Union leaders said today that they oppose efforts to recall Oakland Mayor Jean Quan because she’s a strong advocate for labor and they think she’s doing a good job under difficult circumstances.
Josie Camacho, the executive secretary treasurer of the Alameda Labor Council, said she thinks the recall efforts are “a waste of resources and a waste of energy” and will hurt the city during a time of continued economic uncertainty.
Camacho said, “We don’t have time for this” and “we need to give her some slack” because she’s only been in office for less than a year.
Joined by other union leaders at the council’s office, Camacho said Quan is working hard to try to create more high-paying union jobs and said banks and corporations, not Quan, are to blame for the poor economy and high unemployment rate in Oakland and across the country.
Wei-Ling Huber, the president of Unite Here 2850, which represents hotel, food service and gaming workers, said Quan “has always been a great supporter of hotel workers” and she believes Quan is committed to doing a good job as mayor.

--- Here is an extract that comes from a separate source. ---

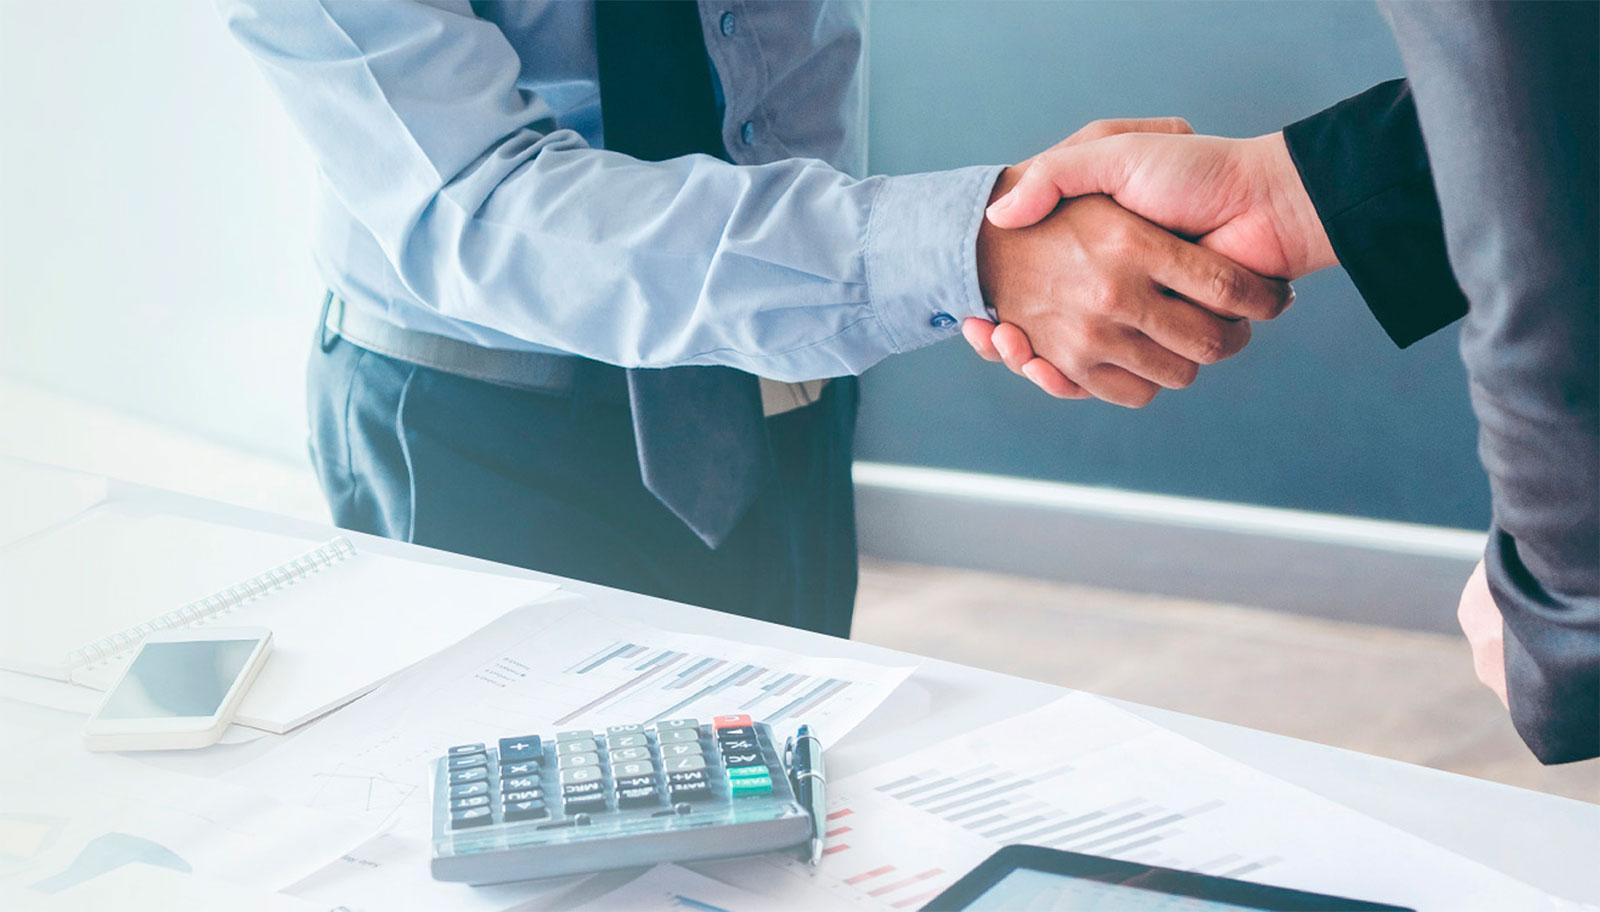 банкротство физлица кредитором

Jazy Bonilla of Local 3 of the International Union of Painters and Allied Trades said, “You can’t single-handedly blame the mayor for the city’s problems. There is plenty of blame to go around.”
Bonilla alleged that the leaders of the efforts to recall Quan are “playing political games to change power.”
Camacho said other unions that oppose the recall efforts and support Quan represent machinists, bakers, electricians, and city employees.
She said, “The Labor Council is committed to fighting the recall efforts as much as we can.”
On Dec. 7, Oakland City Clerk LaTonda Simmons certified a petition by Oakland Post photographer and Oakland Black Caucus member Gene Hazzard to recall Quan.
Hazzard’s group has about 150 days to gather 19,811 signatures from registered voters in Oakland, which represents 10 percent of the city’s voters, to put its proposed recall measure on the ballot.
A second group also filed a notice of intent two weeks ago to recall Quan but its effort hasn’t yet been certified by the City Clerk.
Hazzard, who couldn’t immediately be reached for comment today, said that one of the reasons he wants to recall Quan is that he thinks she has squandered an opportunity to promote a proposed large development project at the former Oakland Army Base in West Oakland and create good jobs there.
But a resolution passed by the Alameda Labor Council that condemns the recall efforts says, “Mayor Quan has worked tirelessly and successfully on the Oakland Army Base project to bring good union jobs to Oakland.”
The resolution also says “the false claim is being made that Mayor Quan is not attending to the issue of public safety.”
It says Quan has “a coherent strategy” to work with police, school officials, prosecutors and probation officials to fight crime in 100 blocks of Oakland where 90 percent of the city’s violent crime occurs.
The resolution says, “A recall would distract attention from the crucial task of confronting this crisis and would only create an additional financial drain on the city.”